Package / moduleResponsibility
benchmark_pack.pyManifest and JSONL row loading
benchmark_compiler.pyRow → SecureBenchTask; eval field visibility mapping
tasks.pyNormalized task model; agent_payload(), component views
resources.pyResource, ResourceBundle, visibility and redaction
tester_config.pyParse tester YAML schema 0.2
tester_run.pyEnd-to-end orchestration, JSONL serialization
cli.pysecurebench run command
families/Family contracts and row schema validators
harnesses/Candidate producers (command, codex, claude_code)
candidates/CandidateArtifact, extraction from stdout/files/git/workspace
verifiers/Family verifiers and registry
sandboxes/HostSandbox, DockerSandbox, PolicySandbox
workspaces/Resource materialization and path policy
dangerous_commands.pyVerifier-only dangerous command policy
progress.pyCLI progress events

Resource visibility model

Every compiled task carries a ResourceBundle. Each resource has a visibility:

VisibilityAgentTest sandboxEvaluatorResult summary
publicvalue shown
evaluation_inputsredacted
hiddenredacted

Note: the evaluator component view includes public and hidden only — not evaluation_inputs. Verifiers that need tests or checkers on disk materialize with component test_sandbox (which includes evaluation_inputs). Methods on SecureBenchTask:

  • agent_payload() → agent view
  • evaluation_payload() → test_sandbox view
  • hidden_payload() → evaluator view (no evaluation_inputs)

Agent rule: harnesses must use task.agent_payload() (alias of public_payload()), not the full task object.

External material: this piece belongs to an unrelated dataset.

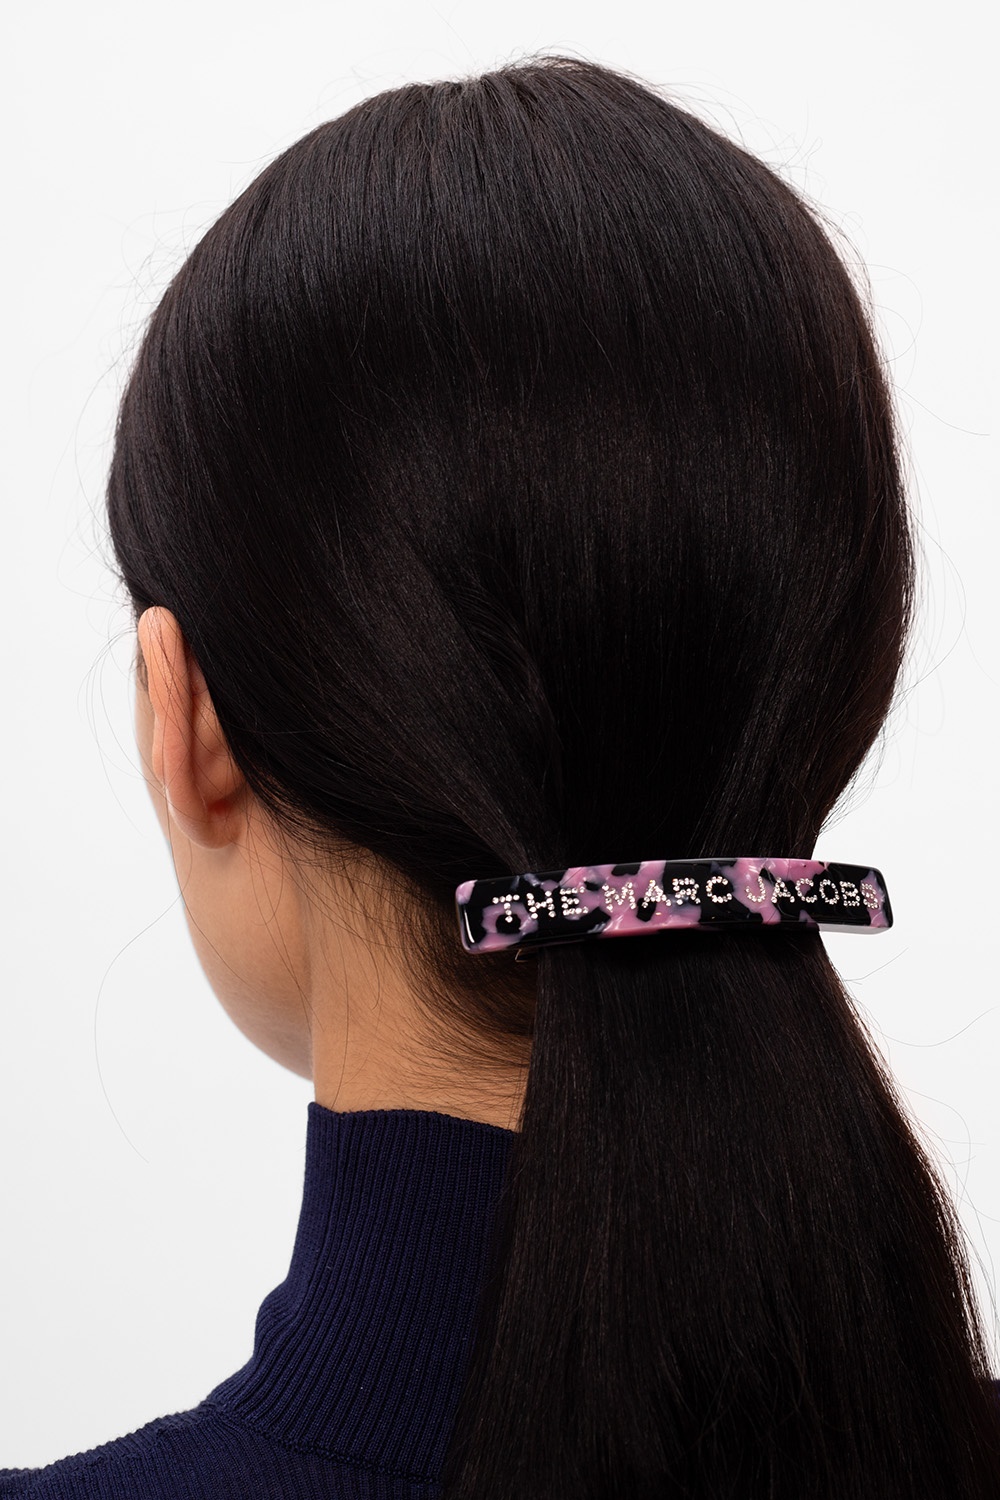 Marc hair clip Women's Accessories |

Compiler rule: benchmark_compiler.EVAL_VISIBILITY maps each family’s eval.* fields to a visibility lane. Unknown eval keys default to hidden.

End-to-end task lifecycle

  1. Load configload_tester_config() parses tester YAML; load_env_file() loads secrets.
  2. Load packload_benchmark_pack(manifest, tasks) reads manifest defaults and JSONL rows.
  3. Compile taskscompile_benchmark_pack() validates family schemas and builds SecureBenchTask objects.
  4. Build harnessbuild_harness_producer() selects CommandHarnessProducer, CodexHarnessProducer, or ClaudeCodeHarnessProducer.
  5. For each task (respecting --limit and --resume):
    • Emit progress: task_start
    • Reset workspace — delete workspaces/<task-dir>/ from prior runs
    • Produce candidate
      • Materialize agent-visible resources into host workspace (VisibilityAwareMaterializer, component agent)
      • Write task.json with public payload
      • Run harness command in DockerSandbox (task image, optional egress proxy)
      • Extract candidate via family-specific mode (stdout, file, git diff, workspace)
    • Verify candidate (if verifier registered)
      • Pass verification_policy from tester YAML
      • Verifier materializes trusted inputs and runs checks in a fresh sandbox
    • Write record — append one JSON line to candidates.jsonl
  6. Return summaryTesterRunSummary with counts and aggregate verification status

Verification status: records vs run summary

Per JSONL record (verification_status field):

ValueMeaning
pendingNo verifier registered for this family
passedVerifier ran and scored success
failedVerifier ran and scored failure, or producer timed out

Run summary (TesterRunSummary.verification_status, printed by CLI):

ConditionValue
Zero taskscomplete
No tasks verifiedpending
All tasks verifiedcomplete
Some verifiedpartial

Sandboxing layer

DockerSandbox defaults

When not overridden by callers:

  • network="none" (provider CLI harnesses override via egress policy)
  • cap_drop=("ALL",) with optional cap_add for verifier dangerous commands
  • read_only=True on container root filesystem
  • tmpfs=("/tmp",)
  • mem_limit="1g", pids_limit=256
  • security_opt=("no-new-privileges:true",)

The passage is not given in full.